Não sei dizer, mas com certeza faço mais shows fora do Brasil que dentro. Acho que eu faço uma música que não é exatamente para o senso comum, nada contra o senso comum e a música pop, eu adoro música pop e faço música pop como produtor, mas artisticamente sei que o que eu faço é ambicioso, é entre estilos então não pega carona em uma situação sociocultural, se eu vou a um festival de rock não é rock, se eu vou a um festival de jazz não é jazz, eu sempre fiquei entre, mas sinto que as pessoas que gostam e acompanham a minha música sempre acompanham, isso para mim é gratificante, recebo mensagens de todos os lugares do mundo, pessoas
que casaram com uma música minha, versões de músicas minhas em outras línguas (Paisagem Morta foi gravada em Gales recentemente), soube de um casal que deu o nome da filha de Nara nos estados unidos por causa de “ quando Nara Ri”, sempre fico feliz em ver que de alguma maneira minha música chegou dessa maneira a vida das pessoas.
Como é sua relação com o Rio de Janeiro? Eu relaciono sua música muito com o RJ, sei lá, o lado mais “ensolarado” do RJ, desde o acabou la tequila, seus discos solo, os discos que você produziu do Los Hermanos, o +2, a Orquestra Imperial etc. E queria saber se os rumos que a cidade tomou hoje influenciou algo na sua e na música que é feita aí na sua opinião.
O Rio sempre foi violento, sempre teve péssimos governos, eu amo o Rio com todos os seus problemas e todas suas soluções, o Rio me influencia sempre, a música, o futurismo , a natureza. O que me dá vergonha do Rio é exportar para os outros estados a ignorância política, a ignorância religiosa, digo isso sem ataque aos evangélicos,
a bancada política evangélica eu não gosto mas adoro os evangélicos e acho que eles salvam a música aqui no rio, a quantidade de músicos de altíssimo nível vindos das igrejas hoje me dá muita alegria. Eu pessoalmente tenho mais admiração religiosa pelo candomblé, mas admiro muito a música das igrejas evangélicas.
Outra caso curioso pra mim foi a trilha que você fez pro anime “Michiko & Hatchin”, como rolou esse convite? Você é fã de animes/mangás?
Sempre gostei de games, de mangás e de animes. Fui fazer um show no Japão e fui convidado a fazer essa trilha, foi um trabalho intenso e maravilhoso, compus 64 temas, um ano de trabalho.Tem temas ali com 20 pessoas tocando, arranjos, big band, tem Wilson das Neves, Aurea Martins, B Negão, Moreno, Ritchie cantando cançoes originais, a trilha saiu em 2 cd’s no japao.
Eu sou um grande fã do Miranda e gosto muito de ver entrevistas dele no youtube até hoje, sempre aprendo muito, e sei que vocês sempre foram muito amigos, inclusive com ele produzindo o som do
primeiro disco do Acabou La Tequila. Tem alguma história com ele ou algum aprendizado que ele te passou que poderia contar aqui?
Foi um dos meus maiores amigos e me pego pensando nele quase todos os dias, uma tremenda falta ele faz. Com ele só aprendi, em todos os meus discos ele foi a primeira pessoa a escutar e me dar opiniões sobre tudo, inclusive a ordem final dos meus dois últimos discos foi feita por ele.

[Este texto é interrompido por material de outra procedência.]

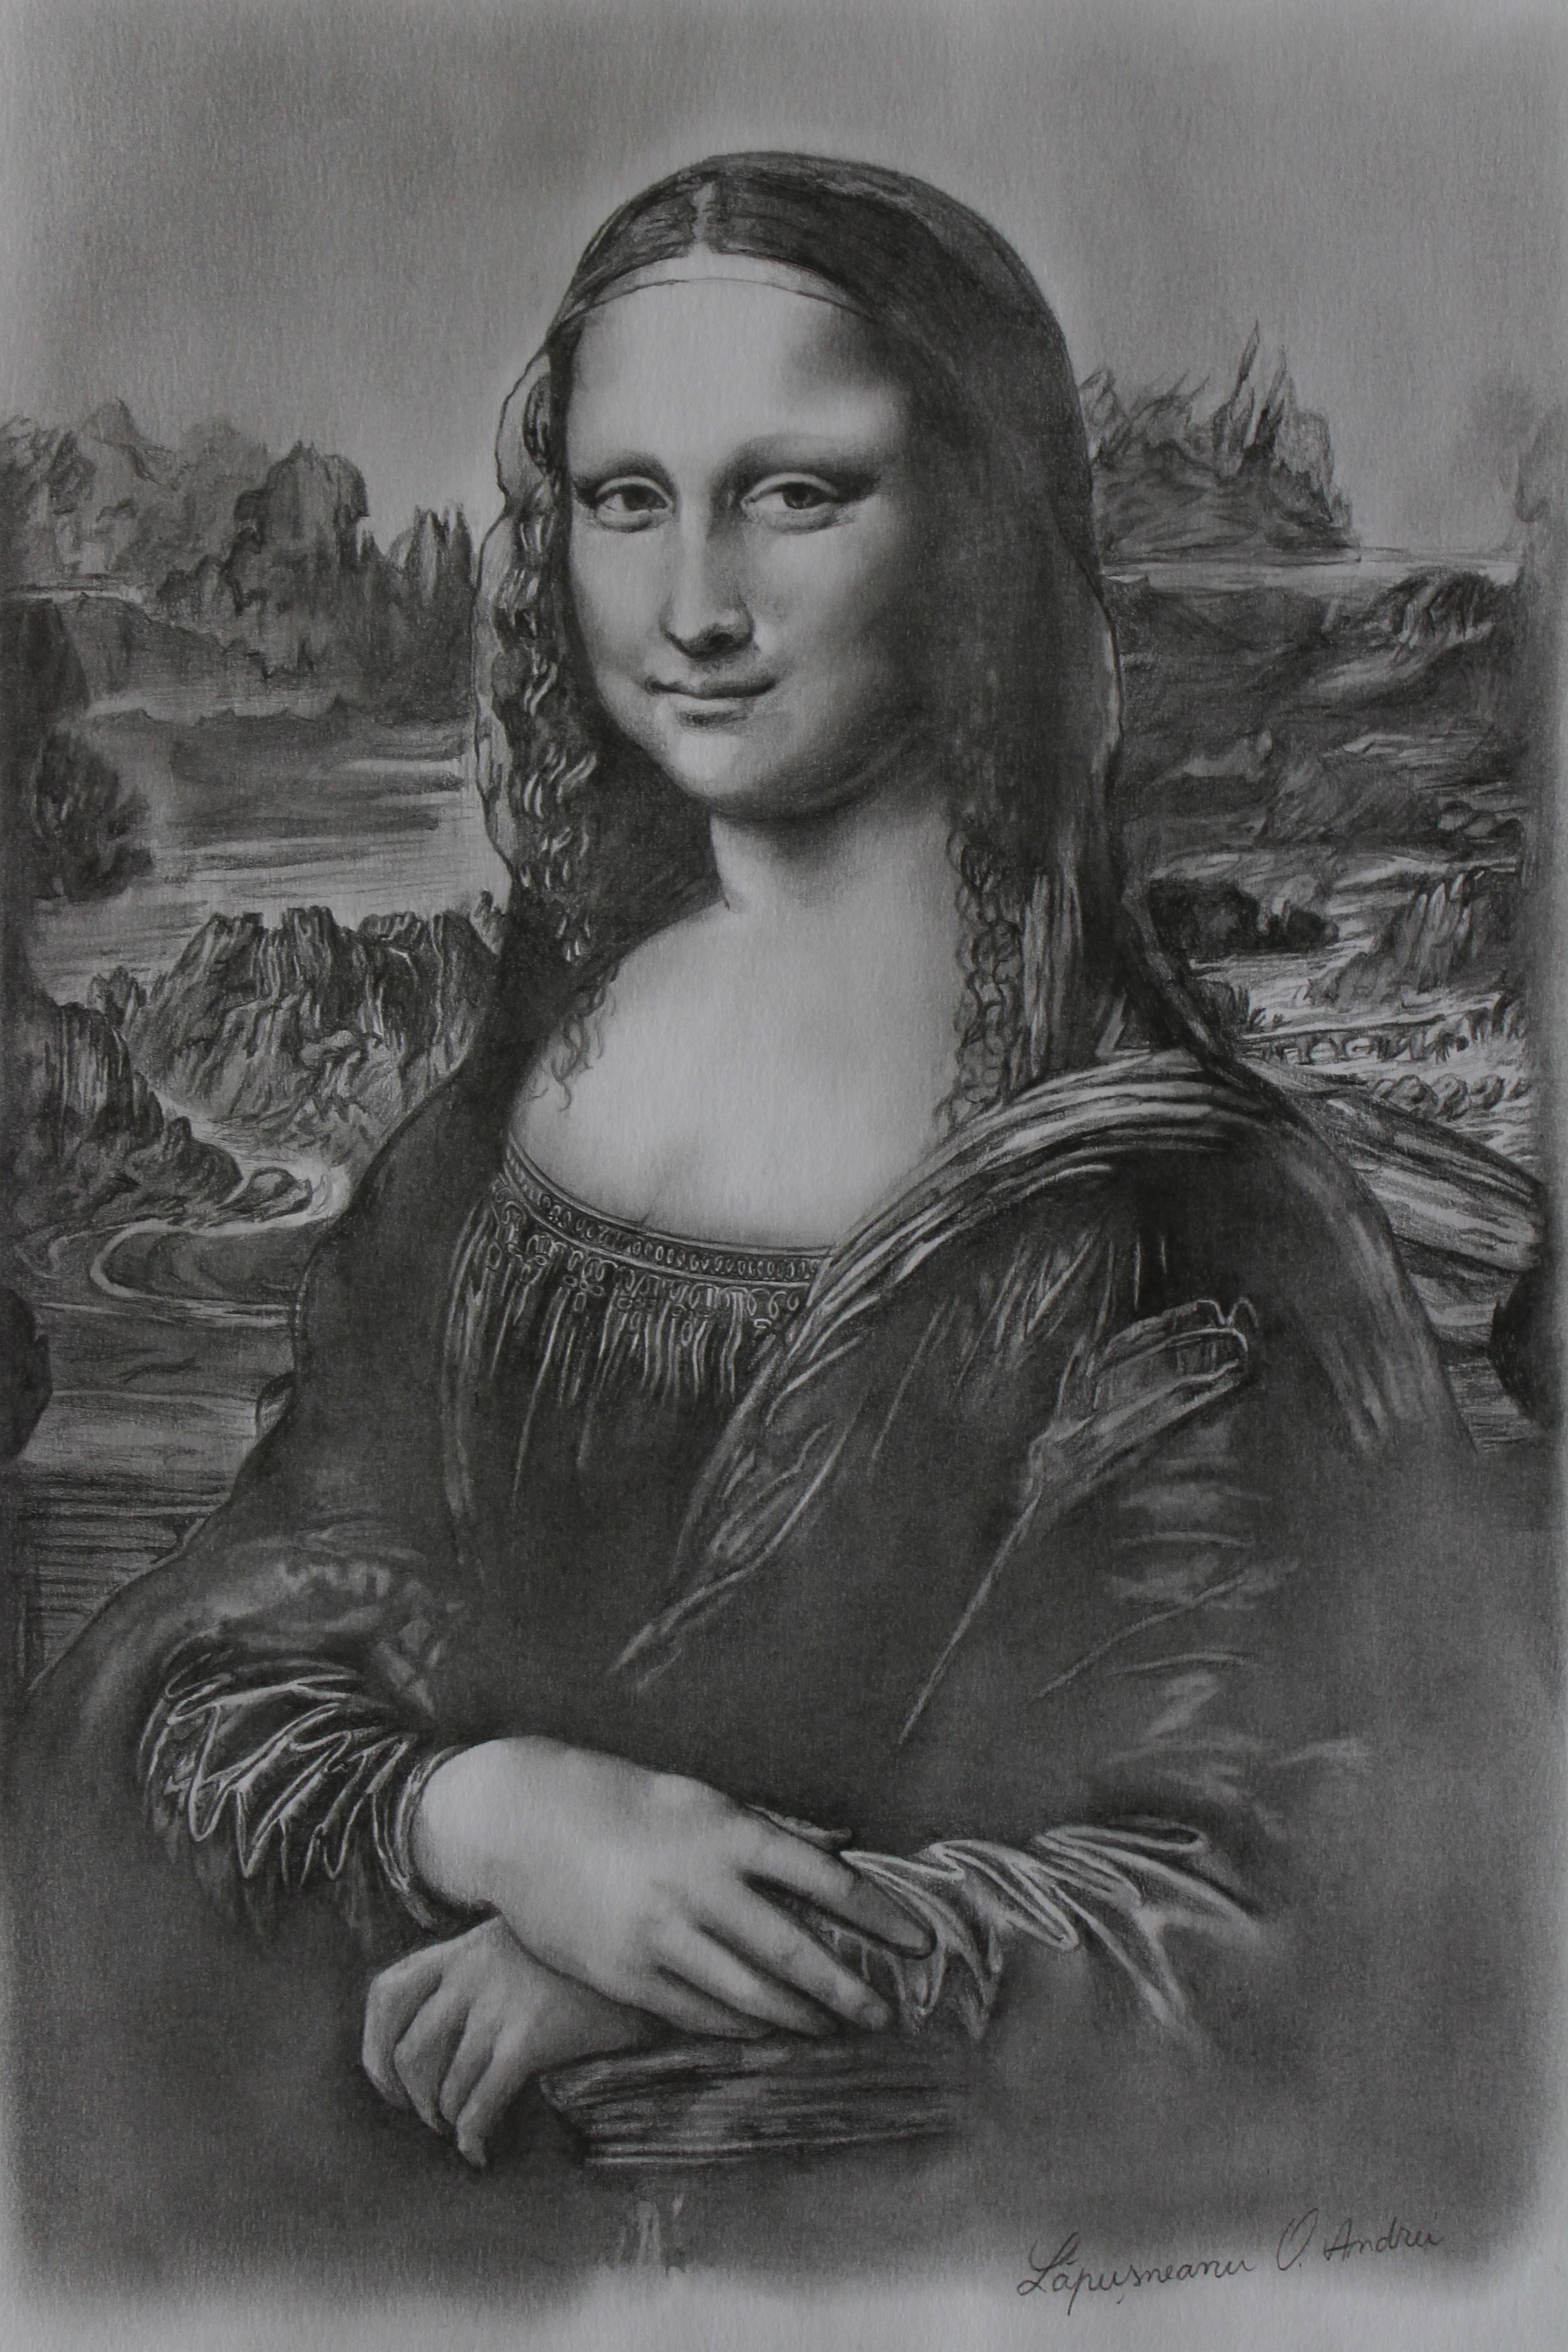 Drawn portrait mona lisa Lisa Lisa by DeviantArt by

Já vi ele consertar um arranjo no estúdio enquanto dormia, ele roncava alto, de repente acordou falou “bateria faz isso, baixo faz isso, guitarra faz isso, teclado só entra lá na frente…” e de repente tudo certo, um gênio. Uma das pessoas mais inteligentes que eu conheci.

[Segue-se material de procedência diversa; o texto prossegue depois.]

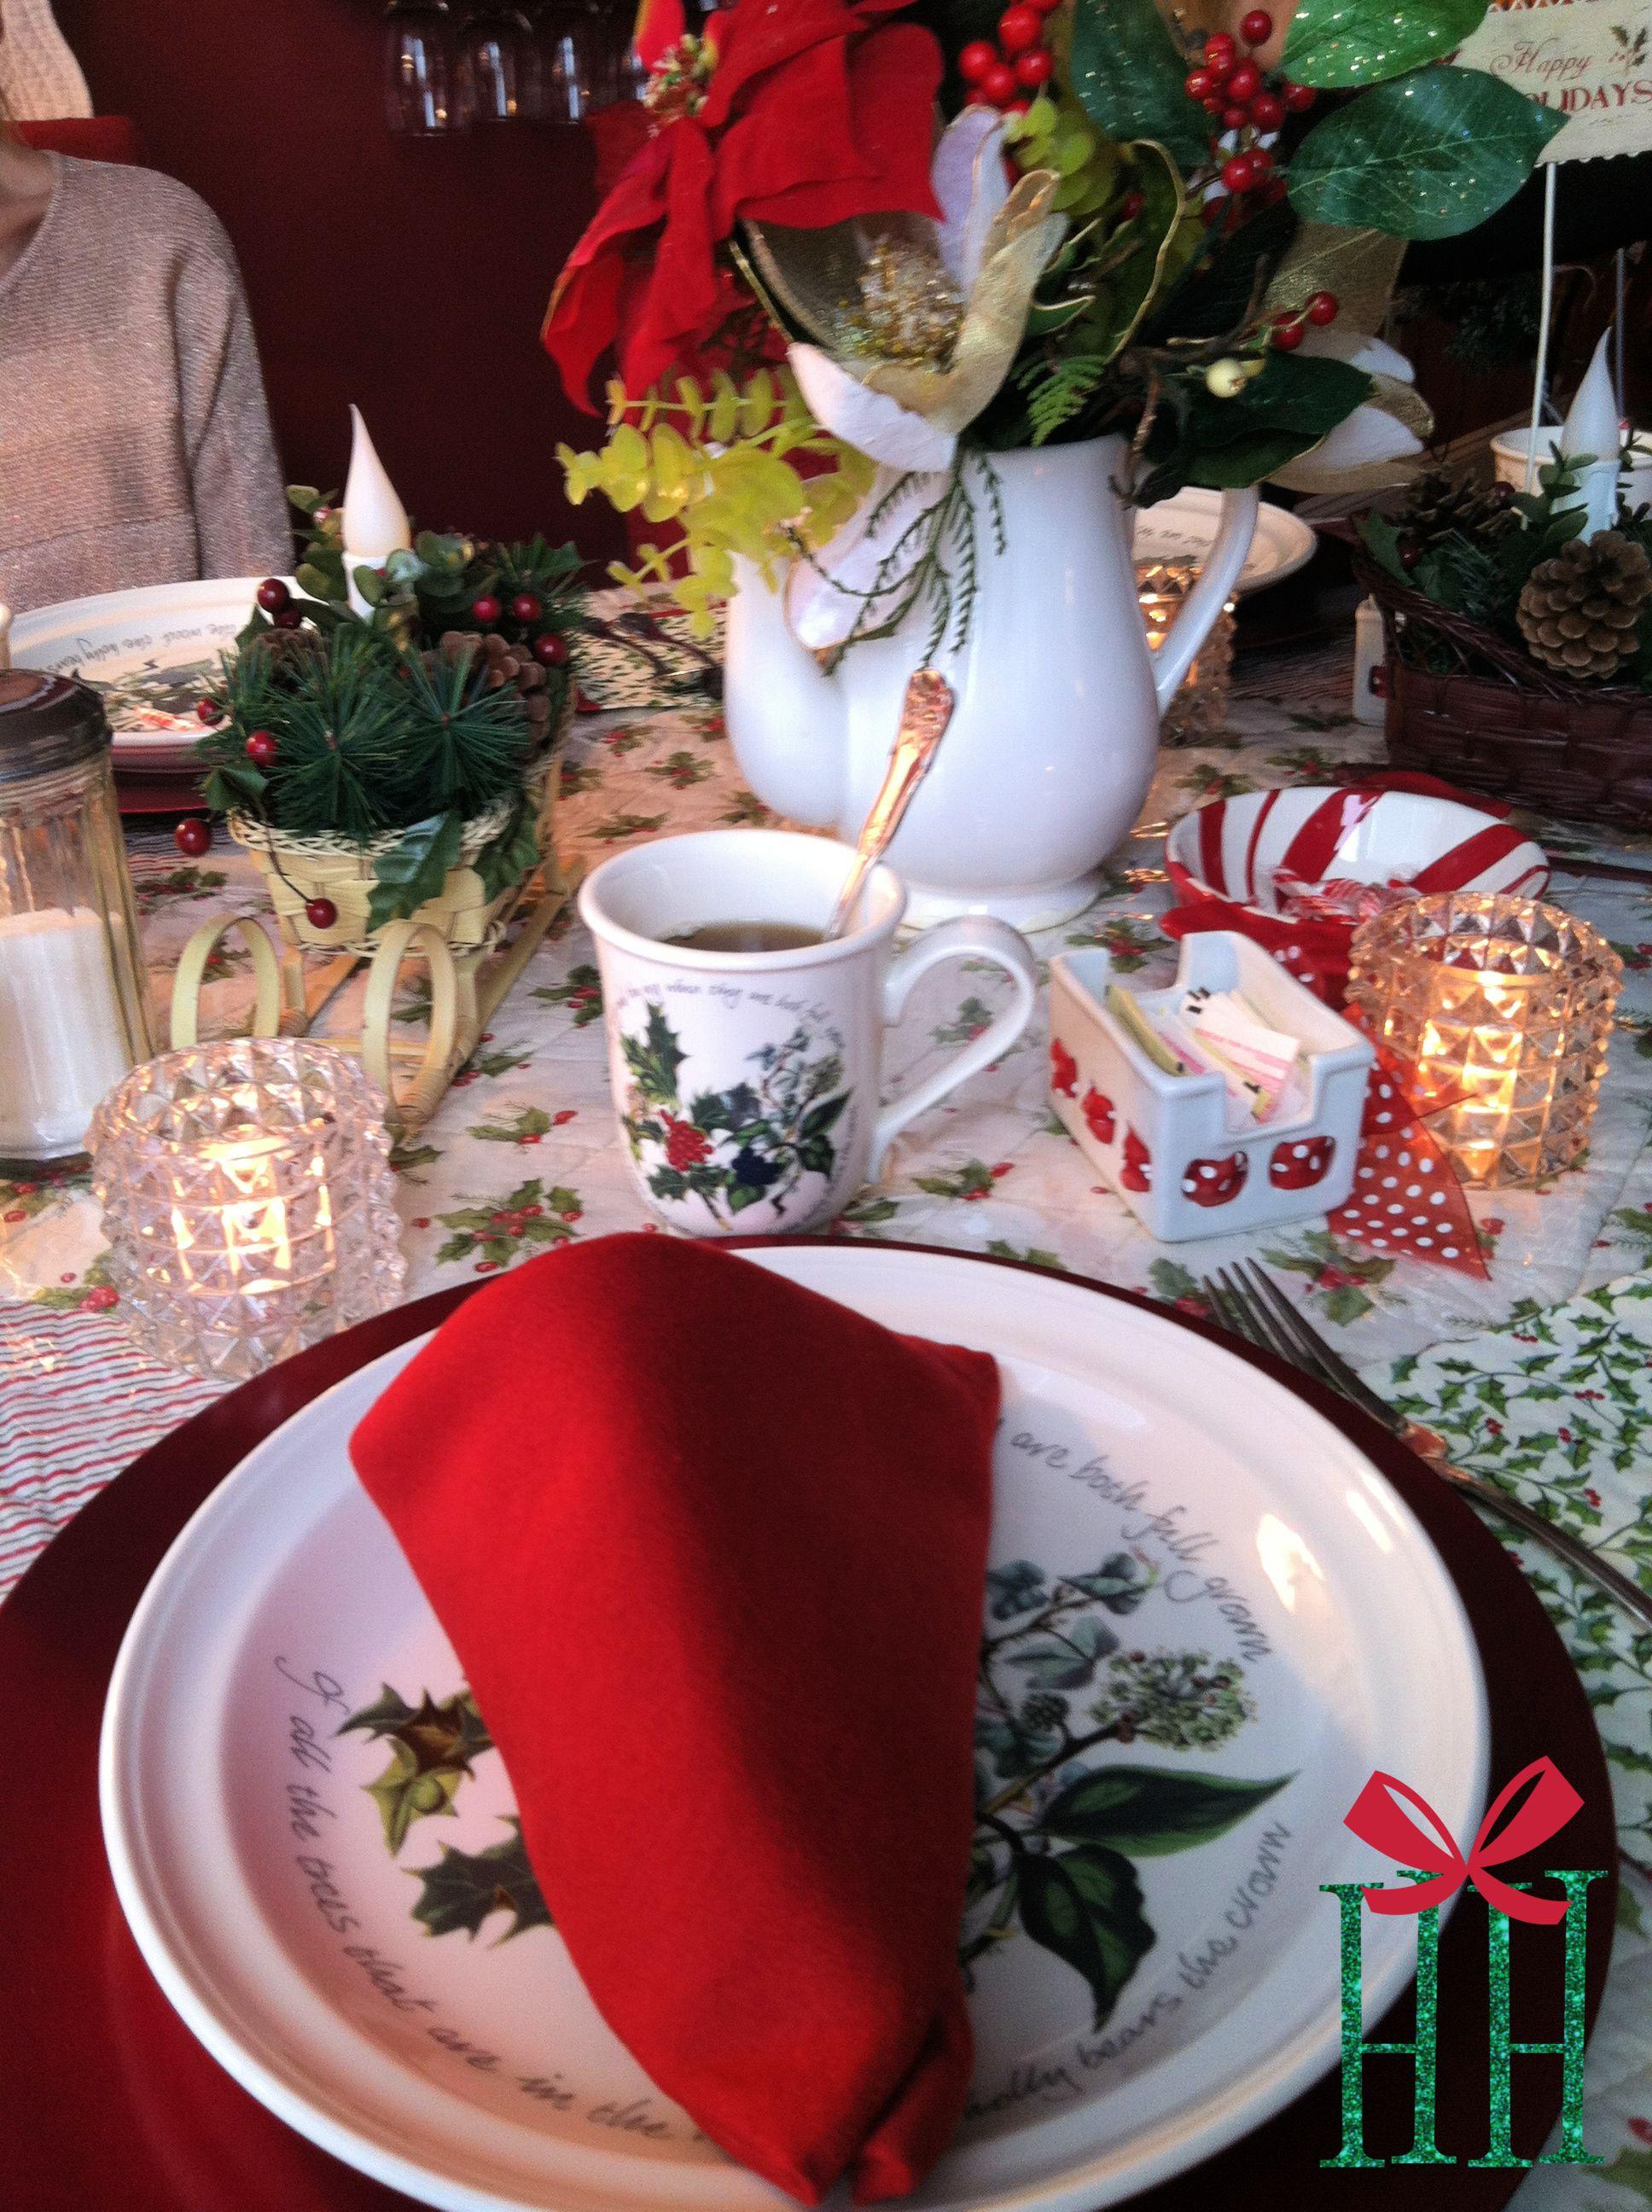 Christmas Memories in 2020 Christmas table settings

Para terminar, aos aspirantes da produção musical atuais, você teria alguma dica pra quem tá começando nesse mundo?
Eu acho que não importa o equipamento, o que interessa é o que você faz com ele, se foi feito num laptop
tudo e ficou bom isso que importa. Se foi feito num telefone, mas a música é incrível, isso que importa. A ideia vale mais que o equipamento. O importante é saber ouvir. Ouvir e tentar entender. O acesso ao conhecimento no mundo hoje é infinito só não aprende quem não quer, é só saber aprender.